We will then need to create one single image that holds these pairs of images. Run the following script:
python scripts/map_tiles/copy_tiles.py --in_path images/
This will create a new folder called "/combined" containing 400 images of size 512x256. Try opening the folder and explore the training set you will be using.
The final step before the training phase is to separate our data into training and validation sets. To do so, run the following:
python scripts/split.py --dir images/combined
That will split our data into training and validation sets folders inside "images/combined". You should now erase the "map" and "sat" folders so you don't upload them to the training process.
Training
Once our pairs of images have been collected, we need to train our model. In order to do so, we will need GPU accelerated computing. This process is actually really easy with Gradient°. From the root of our project run the following command:
paperspace jobs create --container tensorflow/tensorflow:1.4.1-gpu-py3 --machineType P5000 --command ./run.sh --project pix2pixtraining --ignoreFiles ml5js_example
Here, we are creating a new Gradient job using as a base Python 3 with TensorFlow 1.4.1 and GPU support. We are selecting a machine type P5000 and we are running the command "run.sh". The name of the project is "pix2pixtraining" and we are ignoring the files in the the "examples" folder
If you explore the file "run.sh" you will see that we are calling the pix2pix.py file with some default parameters:
python pix2pix.py \
--mode train \
--output_dir /artifacts \
--max_epochs 200 \
--input_dir images/combined/train \
--which_direction BtoA \
--save_freq 100 \
--display_freq 150 \
Our final model will be inside the "/artifacts" folder.

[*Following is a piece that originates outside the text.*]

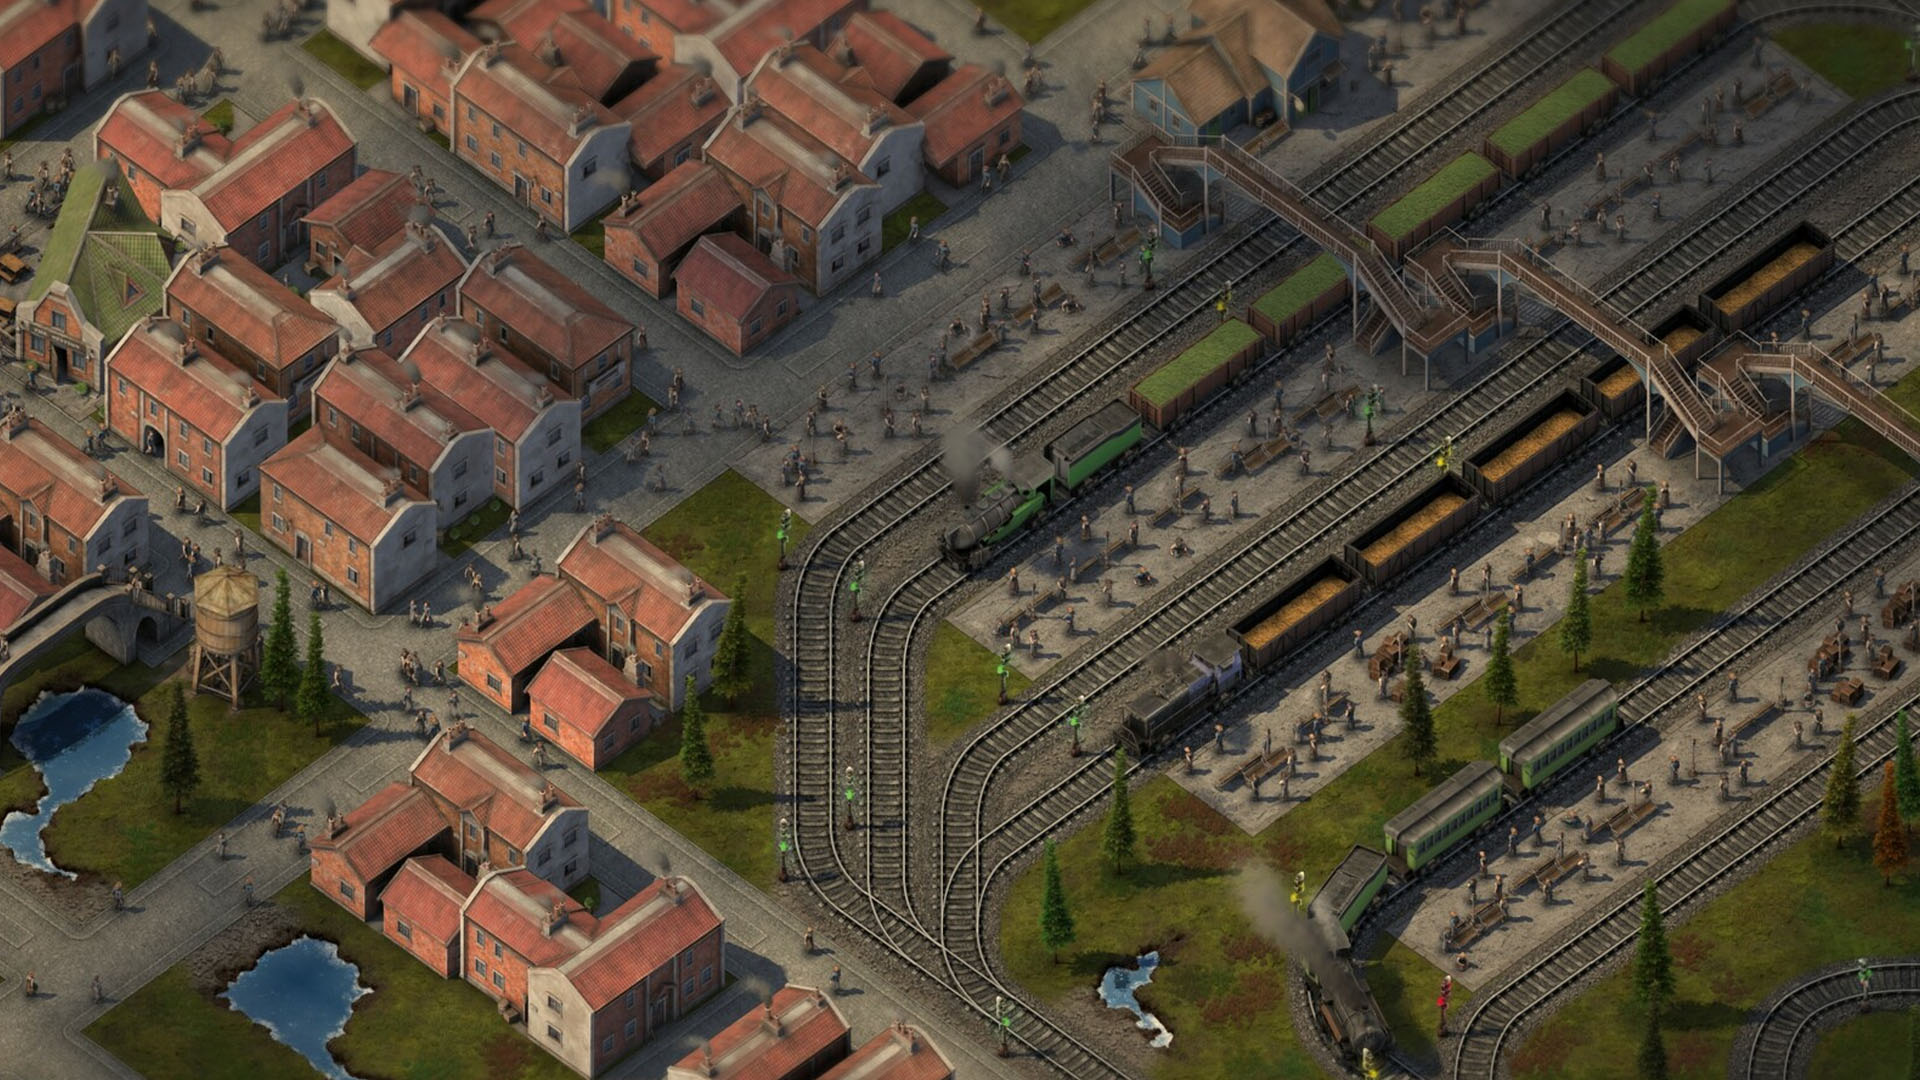 Factorio and trains are finally together in city builder coming soon

Once the job is sumbitted to the Paperspace cluster you should see the following:
Uploading pix2pix.zip [========================================] 11472599/bps 100% 0.0s
New jobId: js9zo5cloaysao
Cluster: PS Jobs
Job Pending
Waiting for job to run...
(...)
Training Pix2Pix
This script will train a model and export it to ml5.js
Based on https://github.com/affinelayer/pix2pix-tensorflow
Starting...
progress epoch 25 step 2 image/sec 6.1 remaining 0m
discrim_loss 0.5001645
gen_loss_GAN 0.4661432
gen_loss_L1 0.11094902
recording summary
progress epoch 50 step 2 image/sec 6.5 remaining 0m
discrim_loss 0.6439996
gen_loss_GAN 0.8439438
gen_loss_L1 0.14944236
saving model
(...)
This process will take around 4-6 hours to train. You can monitor the progress via the Gradient UI or by typing:
paperspace jobs logs --tail --jobId YOUR_JOB_ID
Downloading the model
Once the training process is finished, the script will create a model that's ready to use in ml5.js. By the end of the training process the log should say the following:
(...)
progress epoch 200 step 2 image/sec 7.1 remaining 0m
discrim_loss 0.64996916
gen_loss_GAN 1.811908
gen_loss_L1 0.16352697
saving model
Training finished! Exporting the model...

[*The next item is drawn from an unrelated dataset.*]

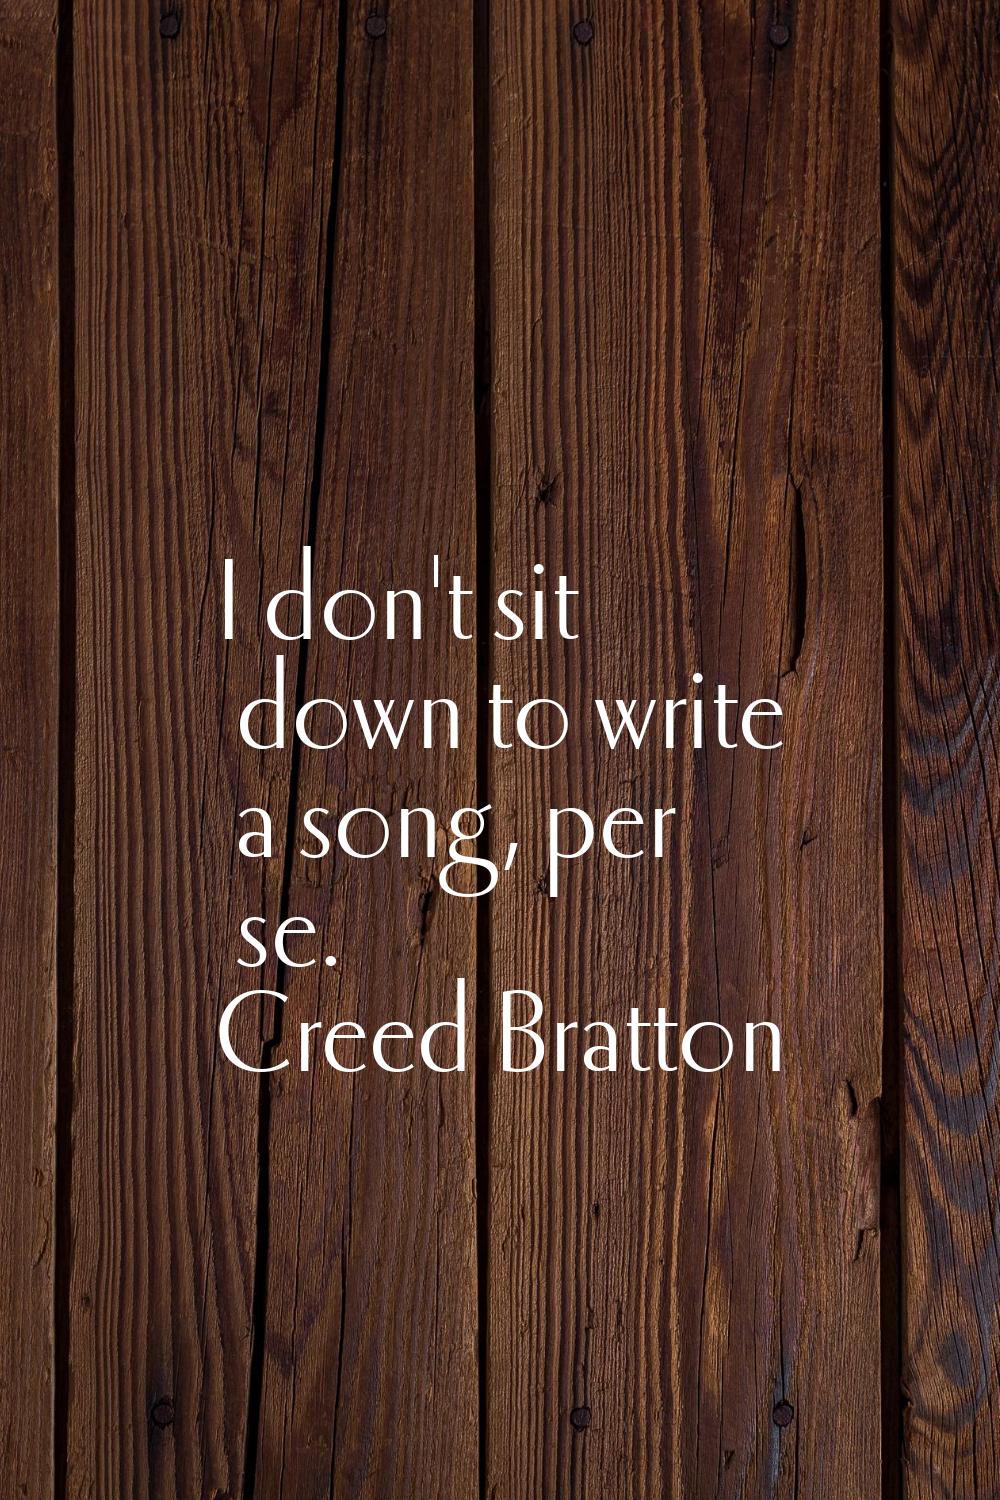 I don't sit down to write a song, per se.

Loading model from checkpoint
Exporting model
Export finished!
Porting the model to ml5.js...
Done! Your model is ready!
Read how to use it here: https://ml5js.org/docs/Pix2Pix
All set! You can now download the resulting model with the following command:
cd models/
paperspace jobs artifactsGet --jobId YOUR_JOB_ID
This will download all the files in "/artifacts". We actually just need the file called 'model.pict'. Copy that file to "ml5js_example/model".
Use the model
Open "ml5js_example/script.js" and change the path to point to your new model:
pix2pix = ml5.pix2pix('model/model.pict', modelLoaded);
We are almost ready to test the model. The only thing left is to start a server to view our files. If you are using Python 2:
python -m SimpleHTTPServer
If you are using Python 3:
python -m http.server
Visit http://localhost:8000 and if everything went well you should see the demo:
This approach and code for training Pix2Pix should work with any well structure pairs of images you want to use. Examples of Pix2pix models include: edges-2-cats, edges-2-shoes, edges-2-handbags, edges-to-faces, labes-to-facedes, pose-2-body, etc.